Amazon reported that profit leapt during the year-end holiday shopping season, but the tech giant saw shares sink as revenue fell shy of high expectations.
While revenue rose to $43.7 billion from $35.7 billion in a similar year-over-year comparison, Wall Street had expected Amazon to take in more cash during the key holiday shopping season.
“Amazon is usually a retailer that operates at full volume, the noise of its sales growth a clarion call in an often muted retail sector,” said GlobalData Retail analyst Anthony Riva.
“However, this quarter that volume seems to have been turned down a couple of notches.”

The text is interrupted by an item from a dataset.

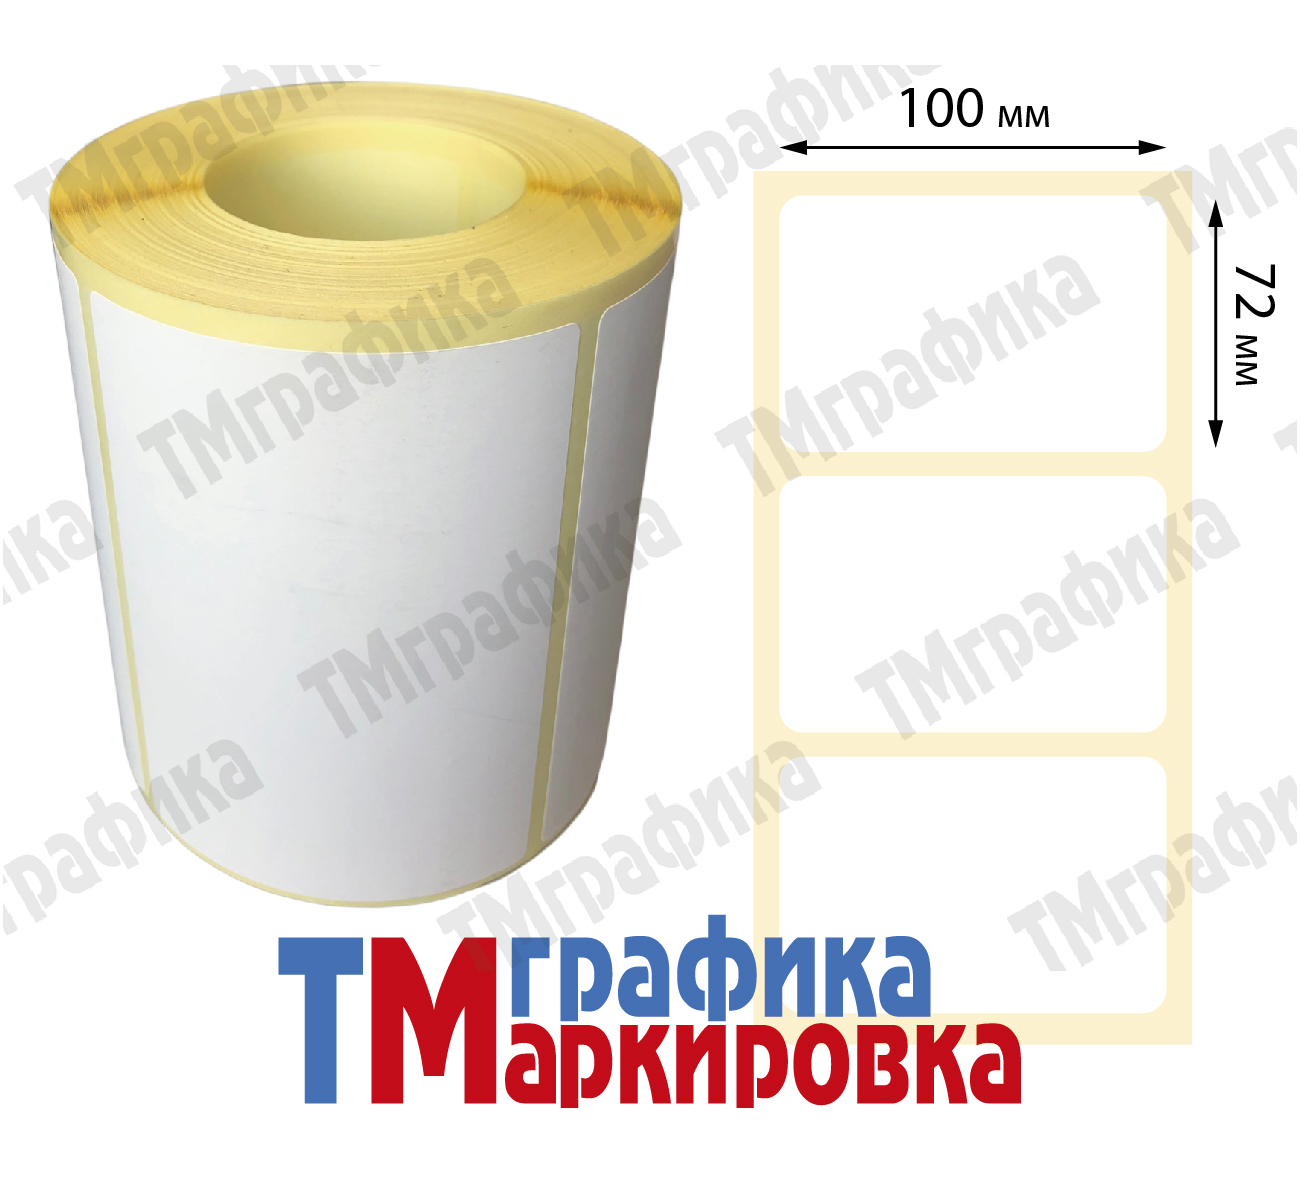 100х72 мм 500 шт. полипропиленовые Термотрансферные этикетки - 810.90 руб.

Amazon shares were down more than four percent to $805.40 in after-market trades that followed release of the earnings report.
Net income for the quarter was $749 million, compared with $482 in the same period a year earlier, according to earnings figures.
While Amazon is known for its huge online retail operations, it is also a major provider of cloud computing, and is a rival to Netflix in streaming video. It has been ramping up efforts in artificial intelligence with its Alexa-powered speakers and partnerships with makers of connected devices.
Amazon founder and chief executive Jeff Bezos said the company is looking for growth via its “Prime” subscription service, which gives customers access to video, music and other services and free two-day shipping.
Bezos said in a statement that Prime Video was now available in some 200 countries and territories.
Its retail operations took in $26 billion in North America and $14 billion in the rest of the world.
Amazon Web Services and rival Microsoft Azure will be the “only two super clouds” where businesses rent storage or computing power for online operations, but that value is already built into the share price, Global Equities Research analyst Trip Chowdhry said in a note to investors.
The earnings report said the cloud unit known as Amazon Web Services saw revenue jump 47 percent in the quarter to $3.5 billion.
Devices infused with Alexa artificial intelligence were top selling products at Amazon.com during the holiday season, according to the company.
Sales of Echo home virtual assistant devices, which are built with internal machine smarts, jumped nine times higher than during the same quarter a year earlier, Amazon said.
Alexa was one of the big winners at this year’s Consumer Electronics Show, cropping up in TVs, cars, fridges — you name it — in what appeared to be a breakthrough moment for the smart technology.
Amazon continues to invest in its core retail network. This week Amazon announced plans to strengthen its distribution muscle by building its first air freight hub — an investment of nearly $1.5 billion.
A hub for the company’s growing fleet of Prime Air cargo planes will be built at an airport in northern Kentucky, adding more than 2,000 US workers to the approximately 10,000 people it already employs at fulfillment centers in that state.
Low cost and fast delivery are a fundamental part of Amazon’s appeal to consumers, but are also its “Achilles’ heel” because speedy shipping can be most costly, said analyst Riva.
“As much as this quarter has been more subdued, Amazon remains firmly on the front foot in terms of innovation,” Riva said.
“This alone will continue to make it a retail out-performer, at least in sales terms, over the next year and beyond.”